By contrast, an NFT buyer is not purchasing a work, but rather a publicly available token that links to a work. For example, for a digital picture, the token may be a unique number and a link to a copy of the picture, hosted on a service such as IPFS. The token itself is visible to all, as is the work to which it points, so anyone else can look at the work and download it. And most NFT transactions don’t purport to convey copyright or other intellectual-property interests regarding the work in question, so owning an NFT tied to an animation of, say, a flying Pop-Tart cat doesn’t put you in a position to use that animation any differently than someone who hadn’t bought it. You have only a token that is hosted publicly online, “registered” as assigned to your digital wallet rather than someone else’s. If you orchestrate your wallet through an app, the app might present you with a handsome visual trophy case listing the NFTs that you’ve purchased. (As you can see, we’re having to reach to describe unique value.)

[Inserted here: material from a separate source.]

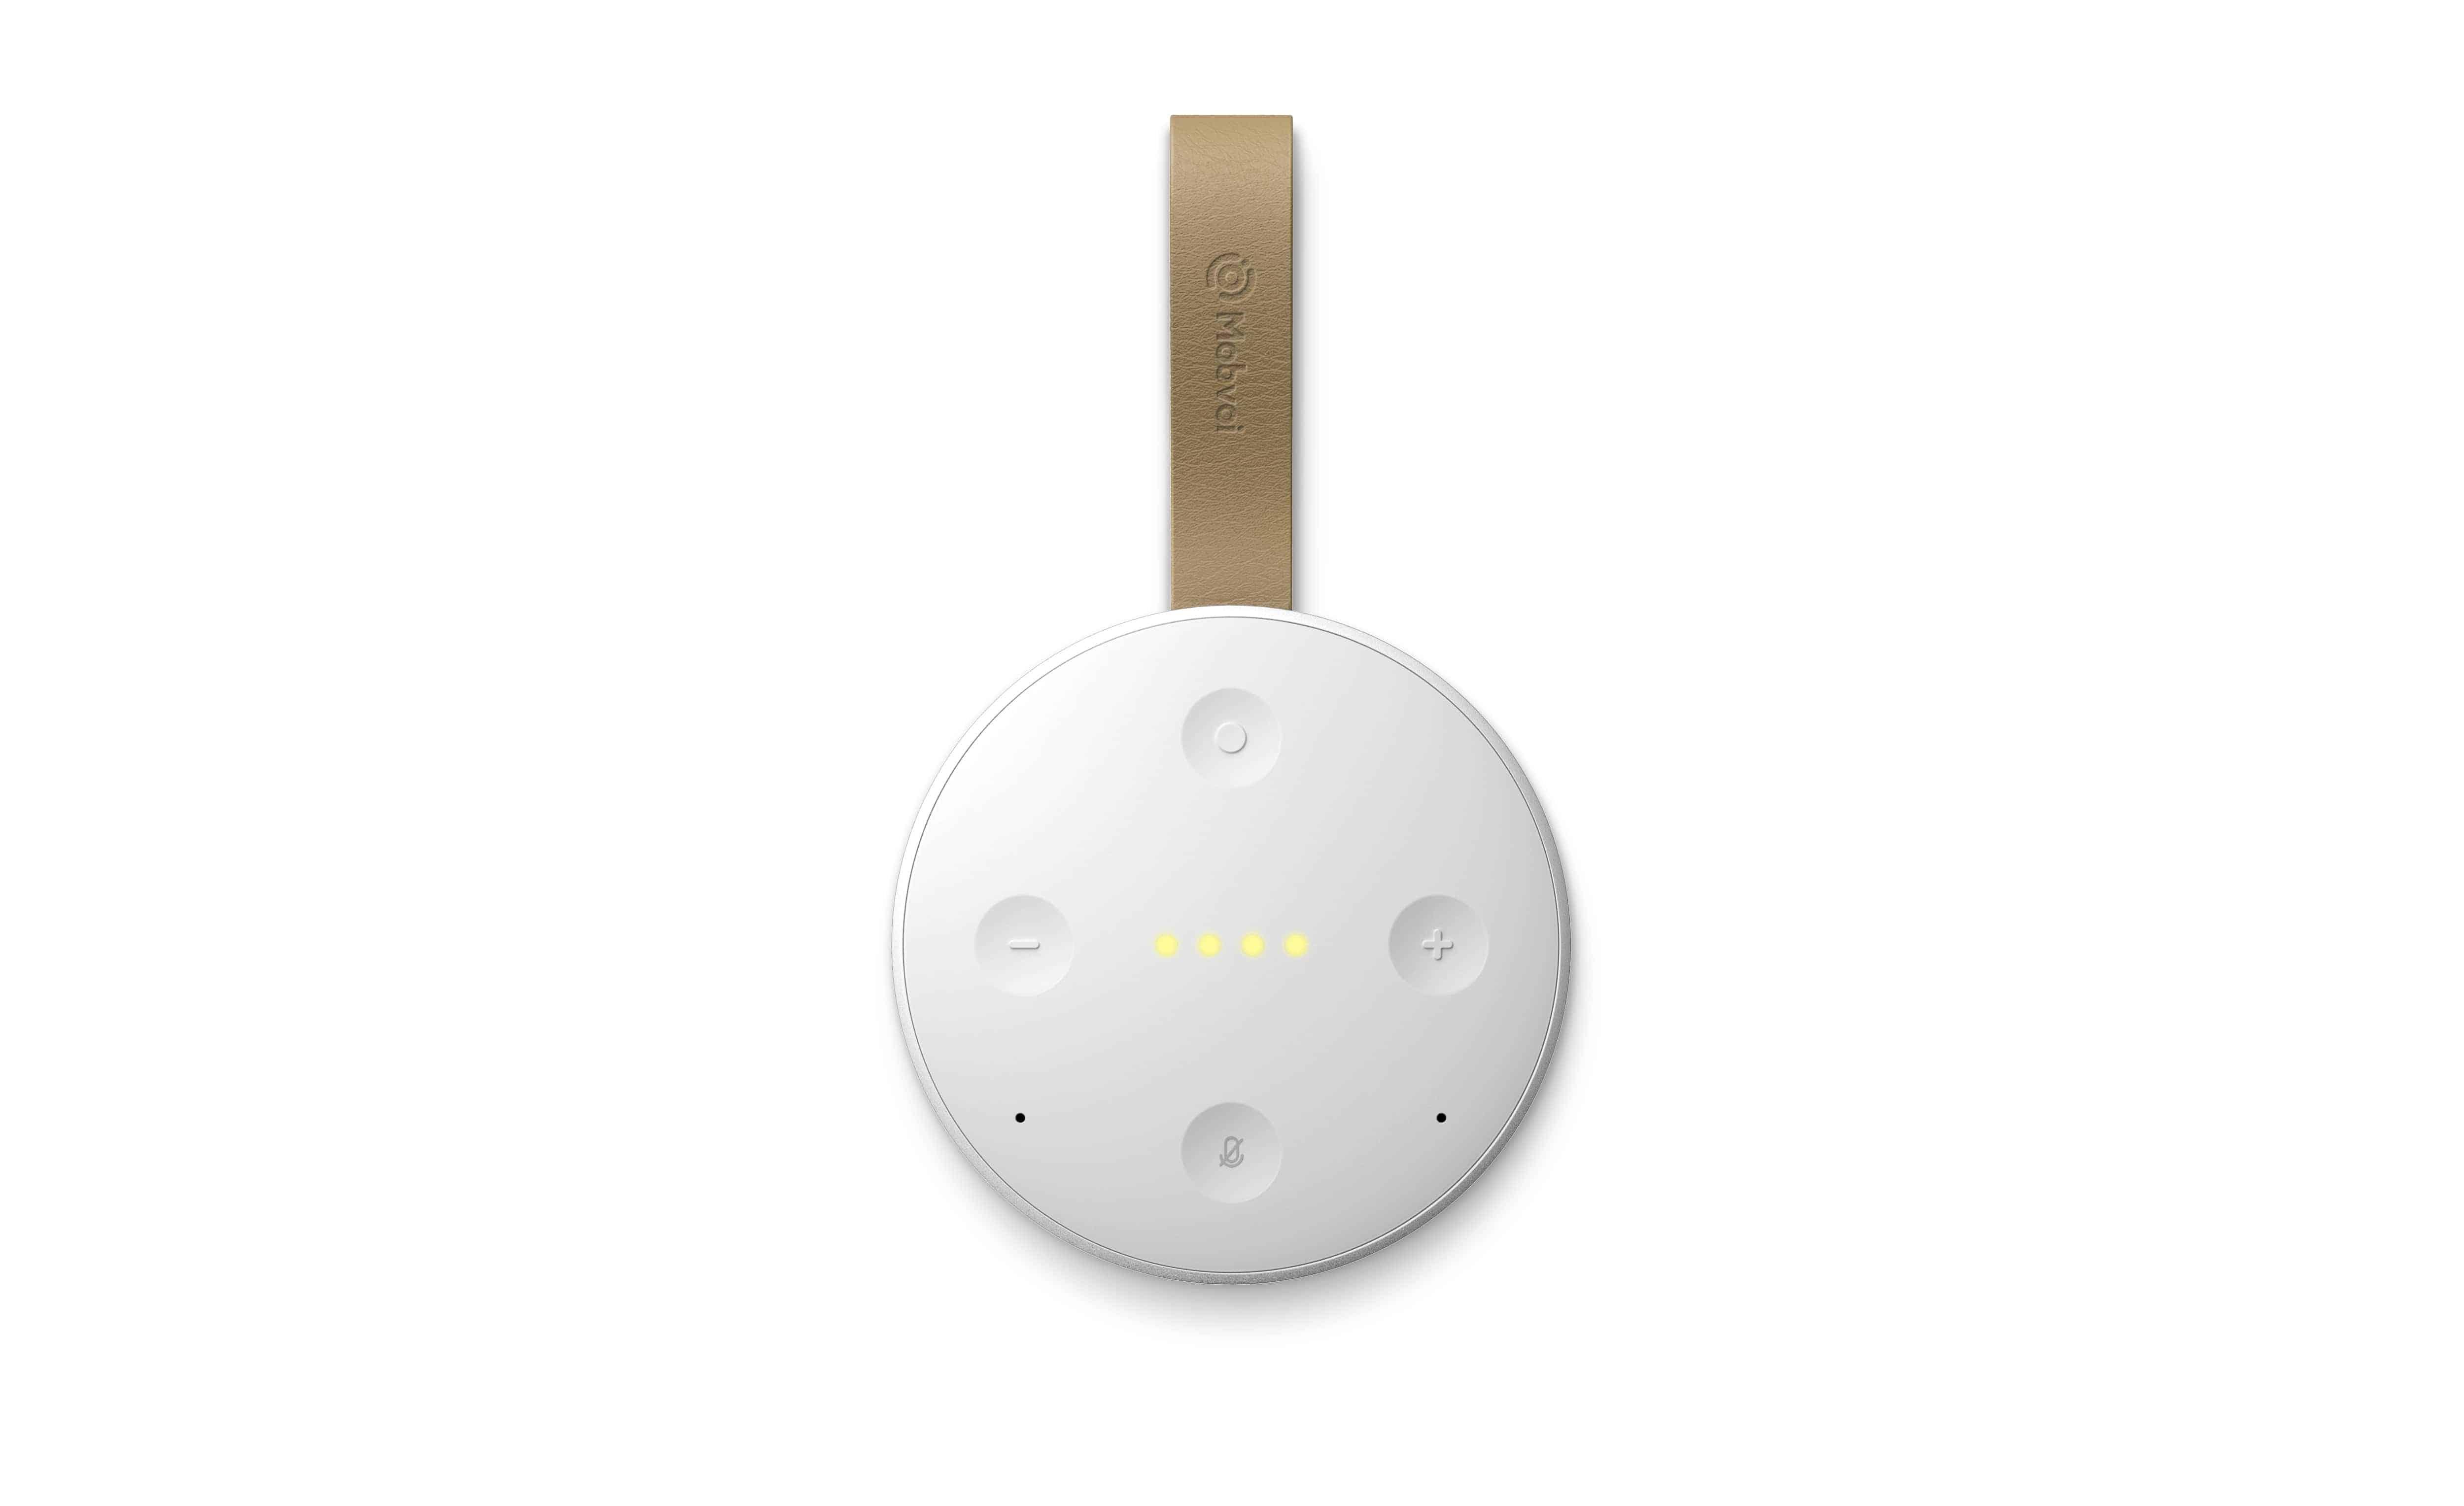 TicHome Mini White 4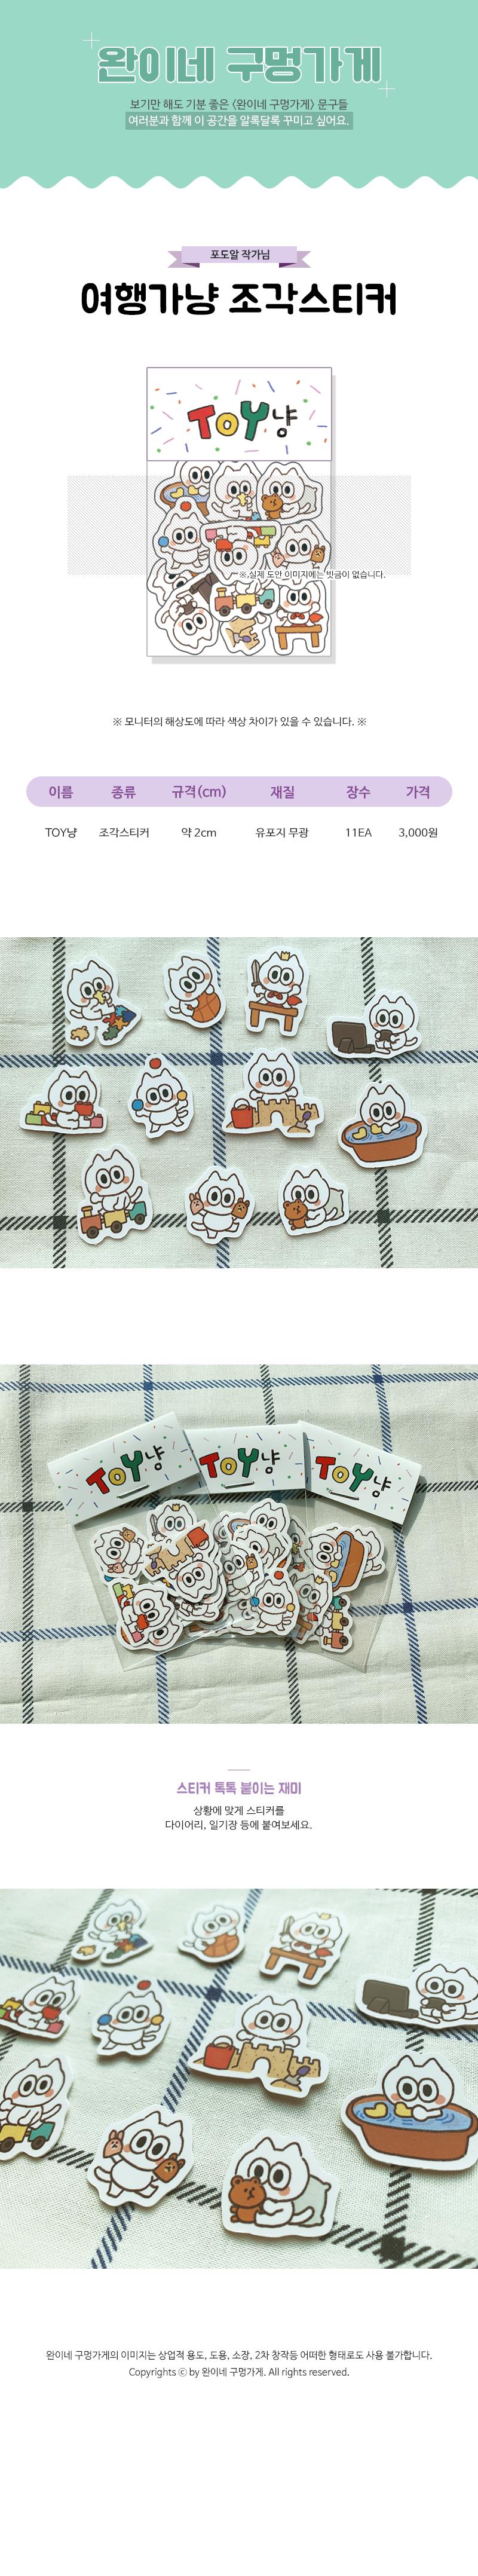 sticker642

Anil Dash: NFTs weren’t supposed to end like this

By these terms, many NFT purchases are akin to acquiring a piece of art that nevertheless remains in the gallery where it was sold, open all the time to members of the public, who may grab a free print of the work after their visit—a replica so perfect that it can be considered an original for many purposes. Moreover, the museum might not happen to take care of “your” piece of art: It could lose it, damage it, replace it, or destroy it. Indeed, enough linked NFT assets have failed to load that a website, checkmynft.com, has been auditing some of the items sold on major platforms and hosted on IPFS.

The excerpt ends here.